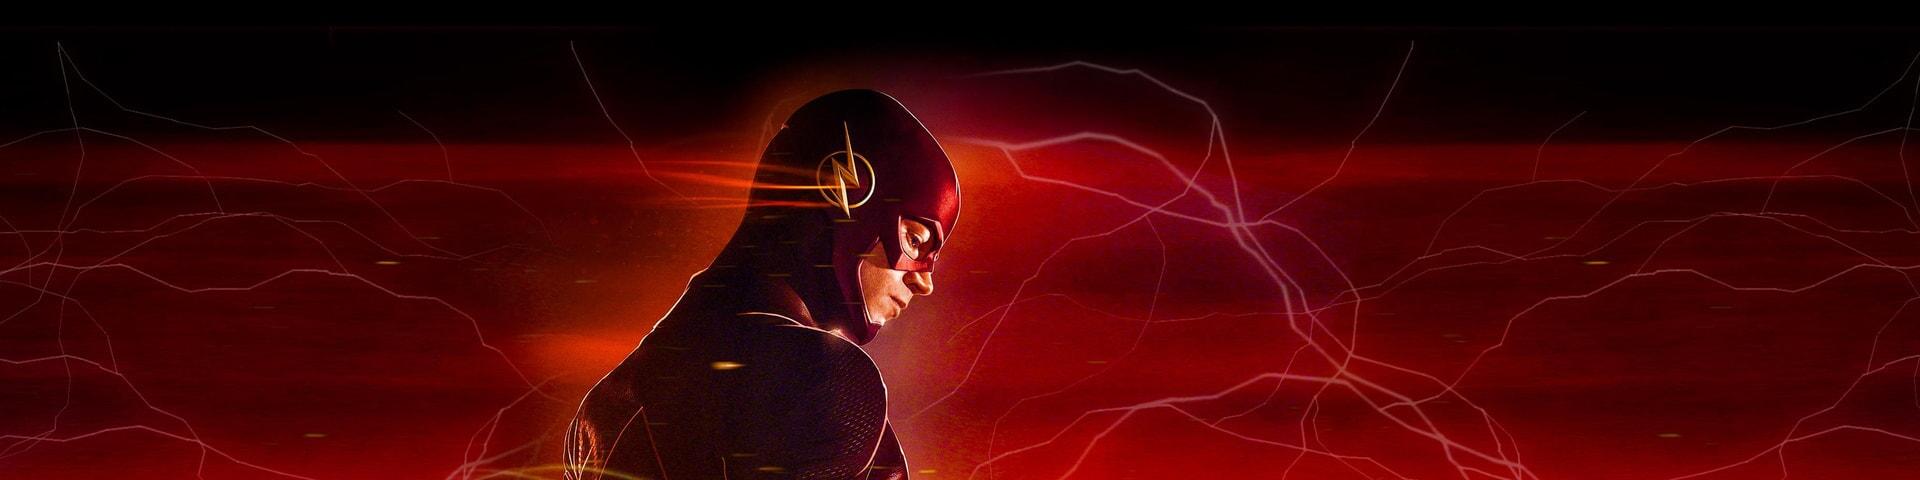 WarnerBros com | The Flash | TV
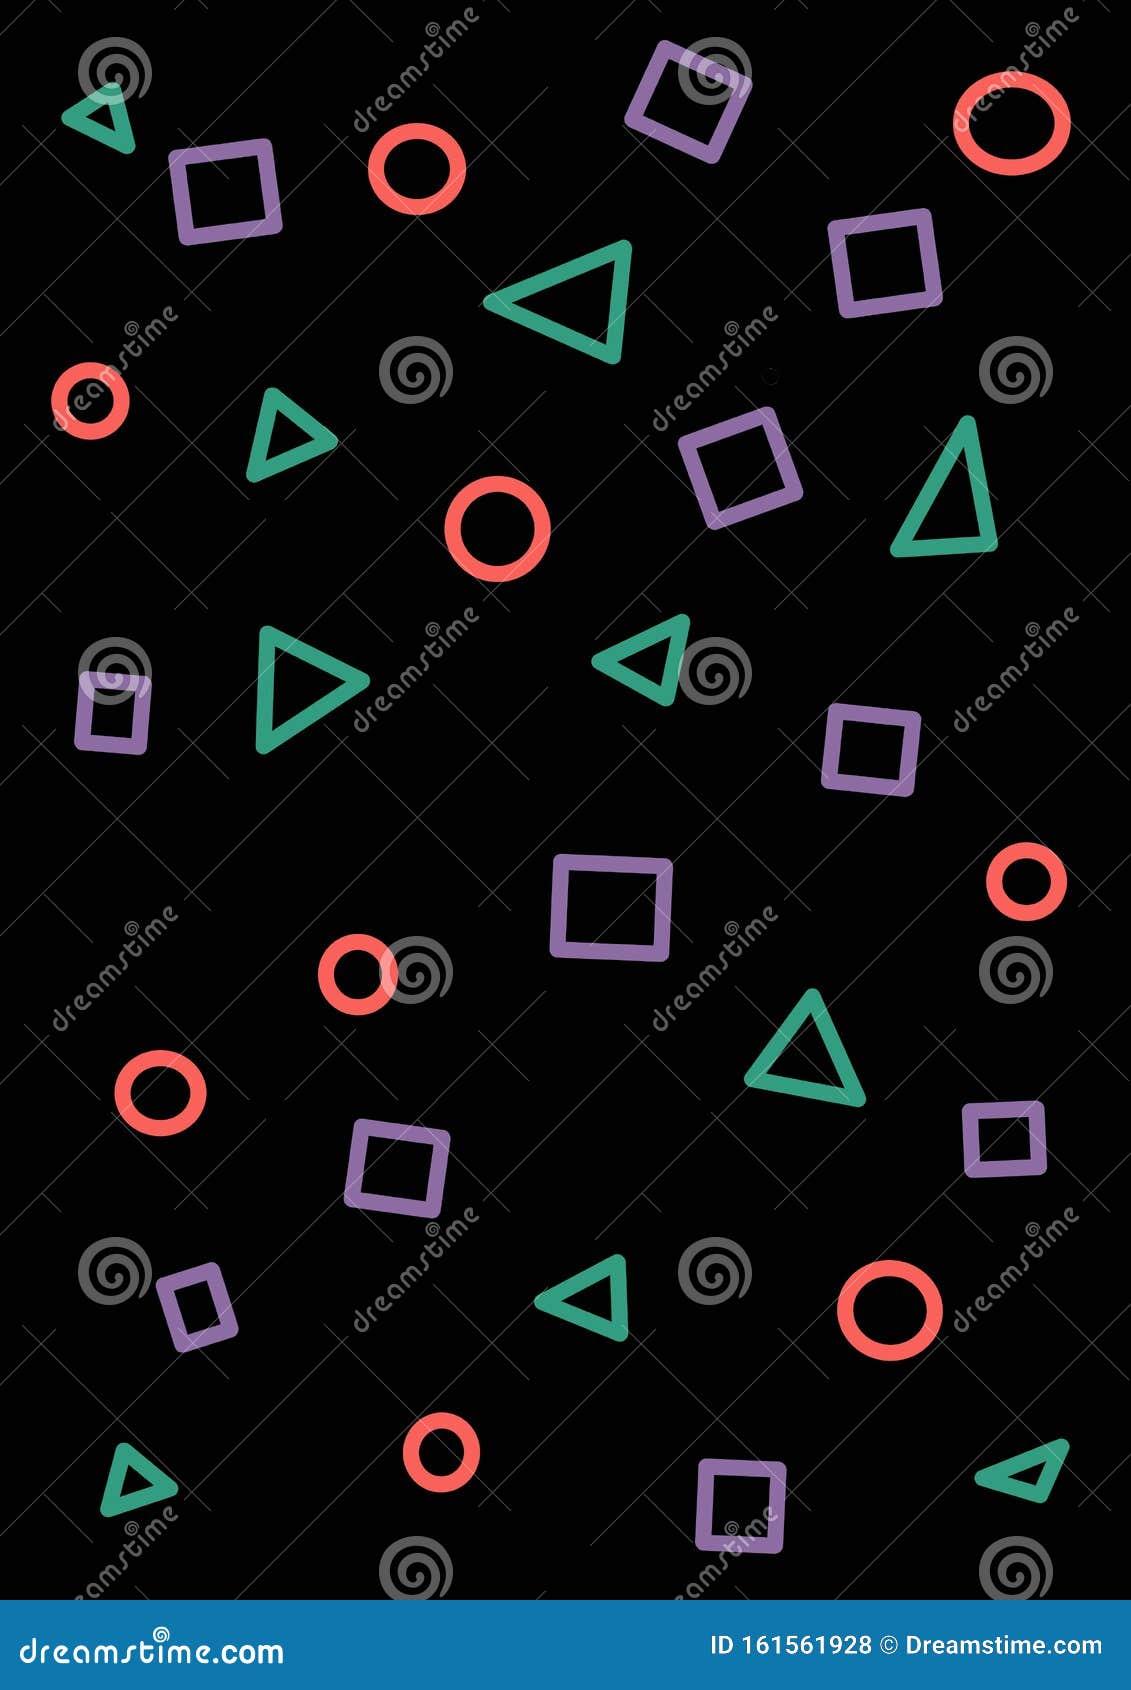 game playstation seamless pattern multi color geometric shapes contours dark background fashion s retro vin vintage 161561928
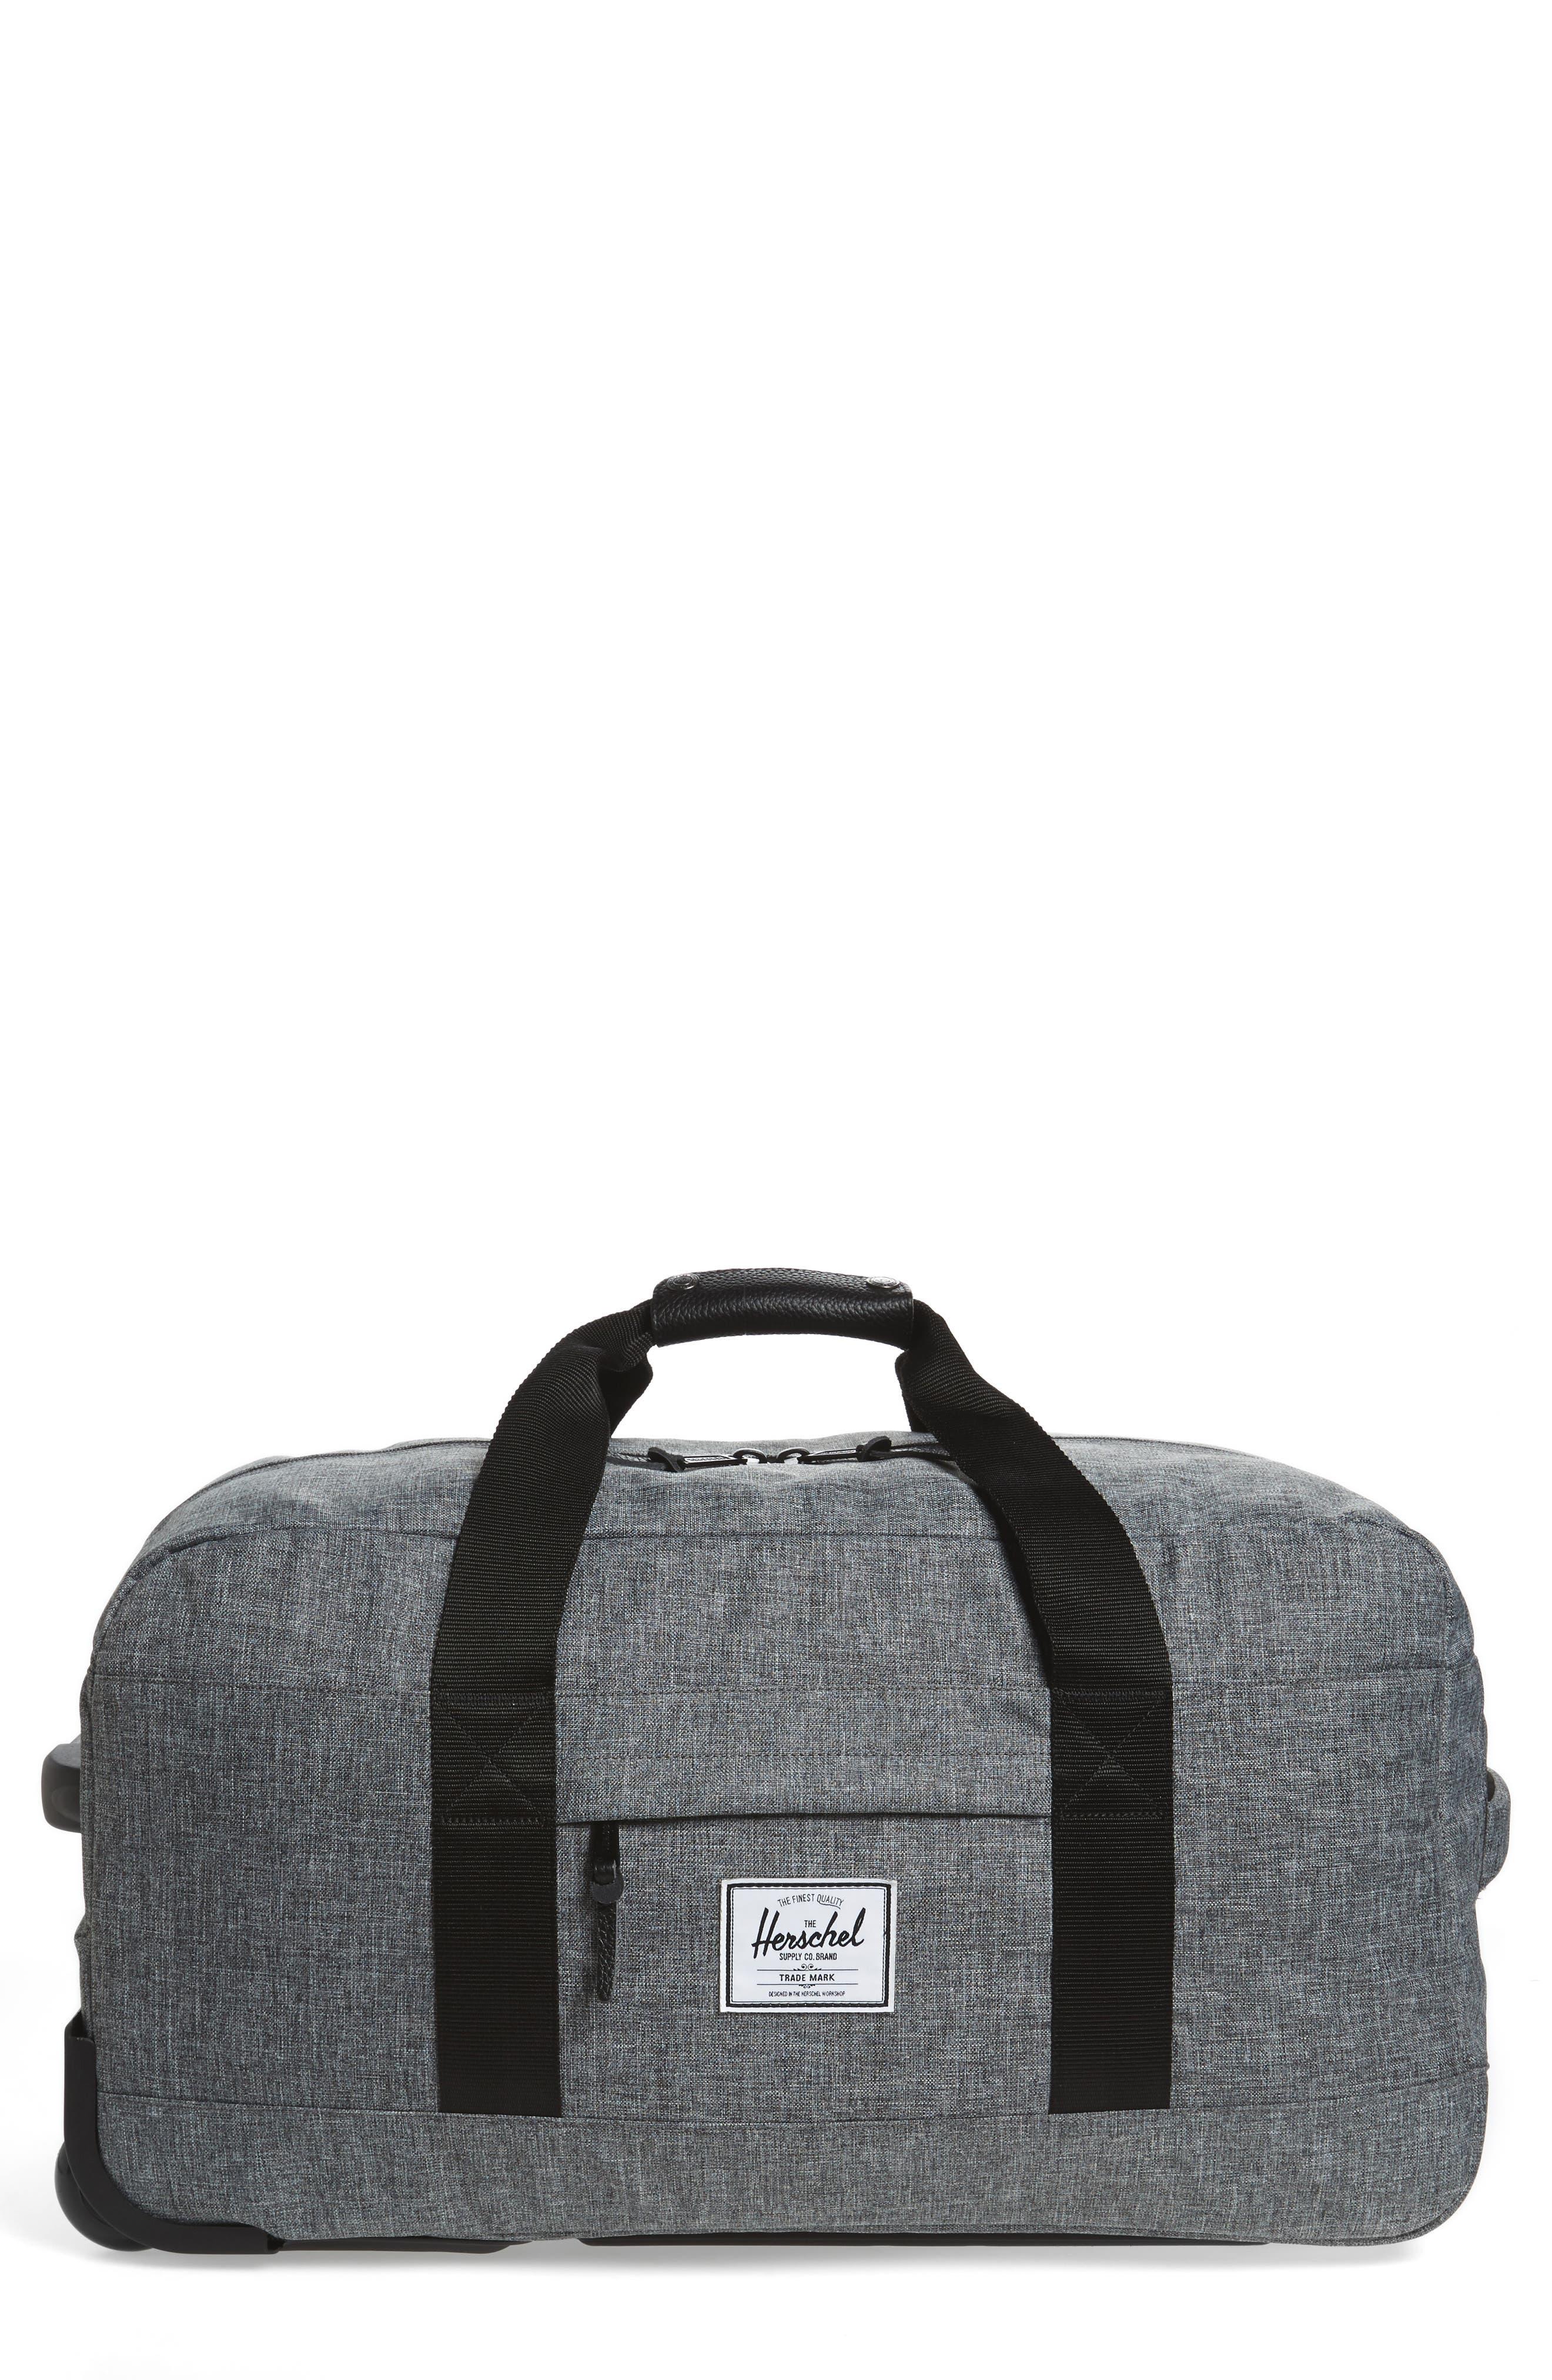 Wheelie Outfitter 24-Inch Duffel Bag,                             Main thumbnail 1, color,
◆ ◆ ◆ ◆ ◆ ◆ ◆
[WHAT THIS TASK INVOLVES] Drop the images and return the data verbatim.

[RESPONSE AREA]
 WarnerBros com | The Flash | TV
 game playstation seamless pattern multi color geometric shapes contours dark background fashion s retro vin vintage 161561928
 Wheelie Outfitter 24-Inch Duffel Bag,                             Main thumbnail 1, color,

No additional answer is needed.